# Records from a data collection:
——————

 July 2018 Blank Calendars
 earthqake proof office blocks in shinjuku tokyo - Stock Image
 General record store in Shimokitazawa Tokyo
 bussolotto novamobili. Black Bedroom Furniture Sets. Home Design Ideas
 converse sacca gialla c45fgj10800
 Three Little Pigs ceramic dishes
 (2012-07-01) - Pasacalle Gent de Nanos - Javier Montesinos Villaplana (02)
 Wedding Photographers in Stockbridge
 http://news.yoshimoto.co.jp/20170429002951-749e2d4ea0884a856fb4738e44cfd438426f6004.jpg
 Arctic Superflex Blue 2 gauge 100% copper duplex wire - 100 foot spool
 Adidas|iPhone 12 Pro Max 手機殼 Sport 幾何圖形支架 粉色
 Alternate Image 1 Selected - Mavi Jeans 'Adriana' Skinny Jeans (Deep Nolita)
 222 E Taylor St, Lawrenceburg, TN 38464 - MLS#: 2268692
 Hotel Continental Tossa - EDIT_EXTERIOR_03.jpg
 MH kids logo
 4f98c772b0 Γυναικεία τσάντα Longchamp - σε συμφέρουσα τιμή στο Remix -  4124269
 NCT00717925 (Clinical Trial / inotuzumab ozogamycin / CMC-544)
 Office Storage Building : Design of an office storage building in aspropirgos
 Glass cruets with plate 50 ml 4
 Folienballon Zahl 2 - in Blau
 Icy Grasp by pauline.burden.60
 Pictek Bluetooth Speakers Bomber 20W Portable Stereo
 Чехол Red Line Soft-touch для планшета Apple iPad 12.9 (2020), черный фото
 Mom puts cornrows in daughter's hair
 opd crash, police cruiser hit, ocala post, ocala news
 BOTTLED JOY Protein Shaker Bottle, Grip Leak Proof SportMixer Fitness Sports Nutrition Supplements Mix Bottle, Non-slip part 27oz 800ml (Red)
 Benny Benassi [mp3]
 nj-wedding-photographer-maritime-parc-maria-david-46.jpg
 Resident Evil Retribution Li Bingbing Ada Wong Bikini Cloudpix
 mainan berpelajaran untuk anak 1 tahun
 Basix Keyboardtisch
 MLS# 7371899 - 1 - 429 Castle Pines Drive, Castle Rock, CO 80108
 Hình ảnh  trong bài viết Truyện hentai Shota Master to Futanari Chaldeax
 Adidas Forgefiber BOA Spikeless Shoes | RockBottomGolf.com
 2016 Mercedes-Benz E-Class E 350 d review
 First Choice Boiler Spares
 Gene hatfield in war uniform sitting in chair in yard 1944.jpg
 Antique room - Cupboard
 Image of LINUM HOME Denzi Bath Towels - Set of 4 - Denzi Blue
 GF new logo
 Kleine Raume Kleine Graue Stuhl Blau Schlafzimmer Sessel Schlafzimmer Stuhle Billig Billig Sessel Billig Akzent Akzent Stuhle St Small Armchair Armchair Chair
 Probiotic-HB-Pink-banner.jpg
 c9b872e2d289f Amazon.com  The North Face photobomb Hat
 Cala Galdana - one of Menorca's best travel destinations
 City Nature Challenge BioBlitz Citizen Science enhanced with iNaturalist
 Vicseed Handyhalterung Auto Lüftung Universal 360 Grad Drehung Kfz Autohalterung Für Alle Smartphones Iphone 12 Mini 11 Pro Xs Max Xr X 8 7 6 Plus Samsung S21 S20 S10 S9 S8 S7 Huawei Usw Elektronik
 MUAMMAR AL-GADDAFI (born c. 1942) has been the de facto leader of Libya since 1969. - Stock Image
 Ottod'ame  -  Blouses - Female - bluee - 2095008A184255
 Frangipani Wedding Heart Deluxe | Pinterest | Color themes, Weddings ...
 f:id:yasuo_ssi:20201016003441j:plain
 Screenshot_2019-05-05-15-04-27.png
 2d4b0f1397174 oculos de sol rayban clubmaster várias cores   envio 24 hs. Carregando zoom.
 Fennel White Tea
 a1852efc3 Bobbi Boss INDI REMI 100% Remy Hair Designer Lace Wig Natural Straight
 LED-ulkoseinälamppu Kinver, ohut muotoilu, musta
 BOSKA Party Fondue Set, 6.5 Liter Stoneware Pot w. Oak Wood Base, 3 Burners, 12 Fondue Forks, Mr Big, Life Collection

——————

# Task requirements:
Read through the entries and copy every line that includes "with".

# Output of the exercise:
 Glass cruets with plate 50 ml 4
 City Nature Challenge BioBlitz Citizen Science enhanced with iNaturalist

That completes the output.